Notably, no matter what input you put in, all the chip will do is ensure that only one output is low! This is the opposite of what we’d like for driving NPN transistors! I somehow (didn’t think very hard) convinced myself I could just fix this in software by inverting bits, but this is clearly not the case…Consequently, I have swapped the chip for Nexperia’s HEF4028BT, which has only one bit high all the time (noninverting outputs). Unfortunately, the pinout is a little different, so I’ll have to re-spin my boards (or suffer a lot of rework), but that’s how it goes!

There’s a couple of other missteps that have more than convinced me to re-spin the board.

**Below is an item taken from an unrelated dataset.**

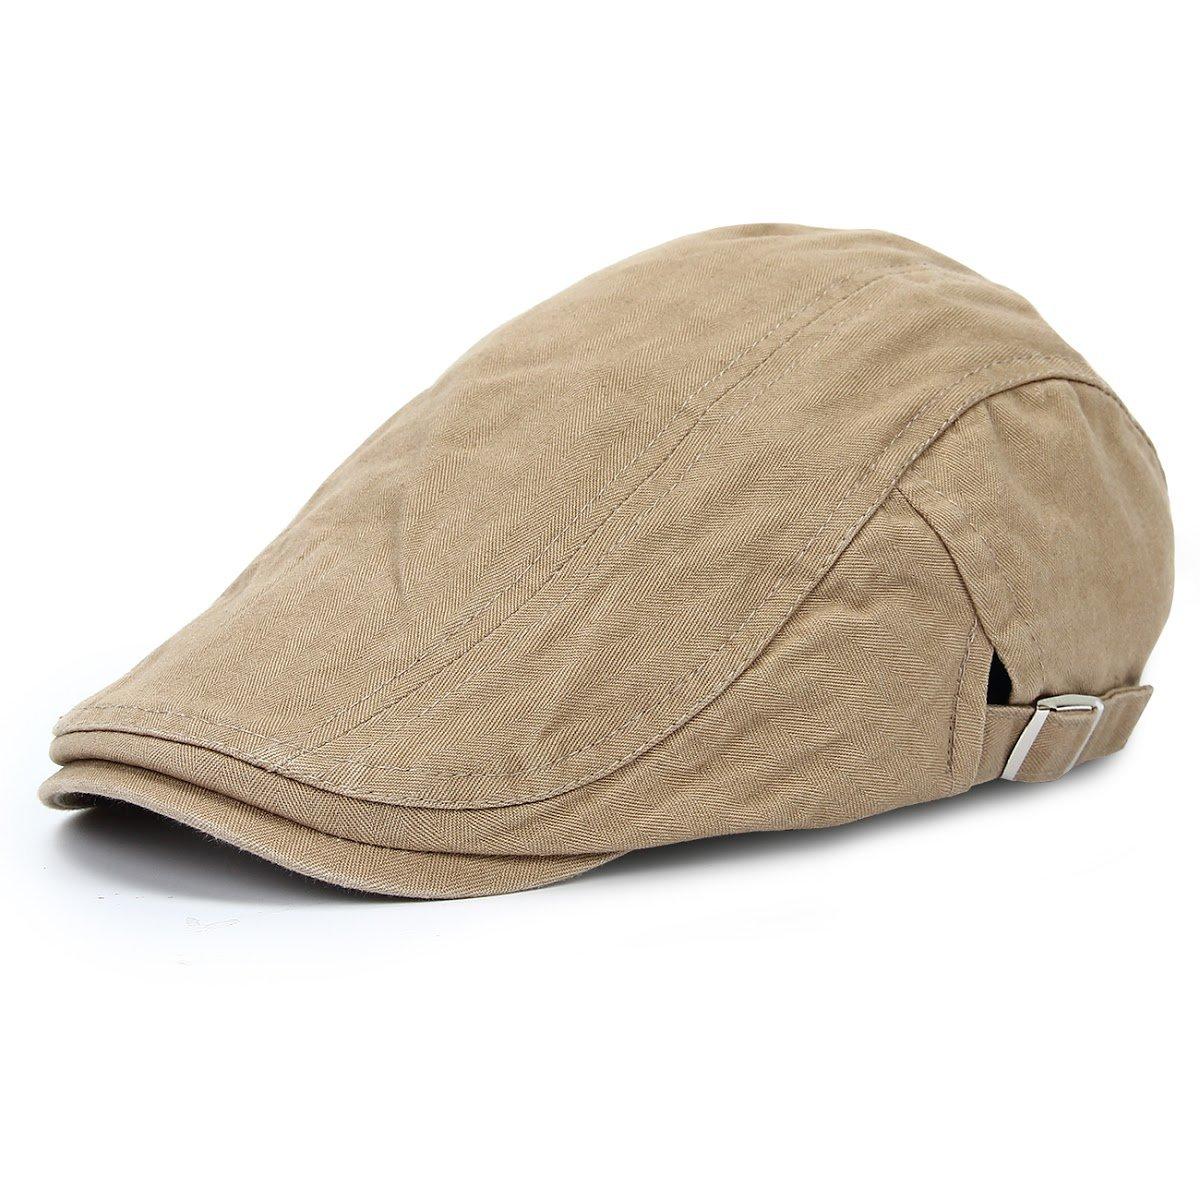 Yodensity Herren Vintage Ivy Gatsby Schiebermütze Flache Golfermütze Sonnenschutz Corduroy Hut

Firstly, the nixie tubes are upside-down. You can sort of tell this is the case if you stare at the picture of the board with the tube on it. Additionally, the location of the fourth pin on the footprint is a little off; you can force the tube in there, but it really bends that lead. I considered mounting the board upside-down and clipping that lead (and connecting through a blob of solder), but the 74HC42 blunder really sealed the deal on getting a new board.

In my defense, the only resource I could find on the footprint of this tube was this diagram, which, well…leaves one wanting. And I double checked my math on that fourth pin and I still think I did it right, so, who knows! For the new board I’ll use Mark Smith’s footprint from SURFNCIRCUITS since I know he’s actually built IN-4 nixie tube clocks.

The good thing about redesigning the board is that I’ve had more time to think about what I’d like from this project since the first spin. I’ve added the button and PIR sensor requirements, and now I’m also thinking of arranging the digits in a more creative way, perhaps slanted in 45 degree angles. Because I’m taking my time with this project, I don’t really mind the delay.

That’s all I have for today, so here’s a couple of galleries of the debug and enclosure design processes!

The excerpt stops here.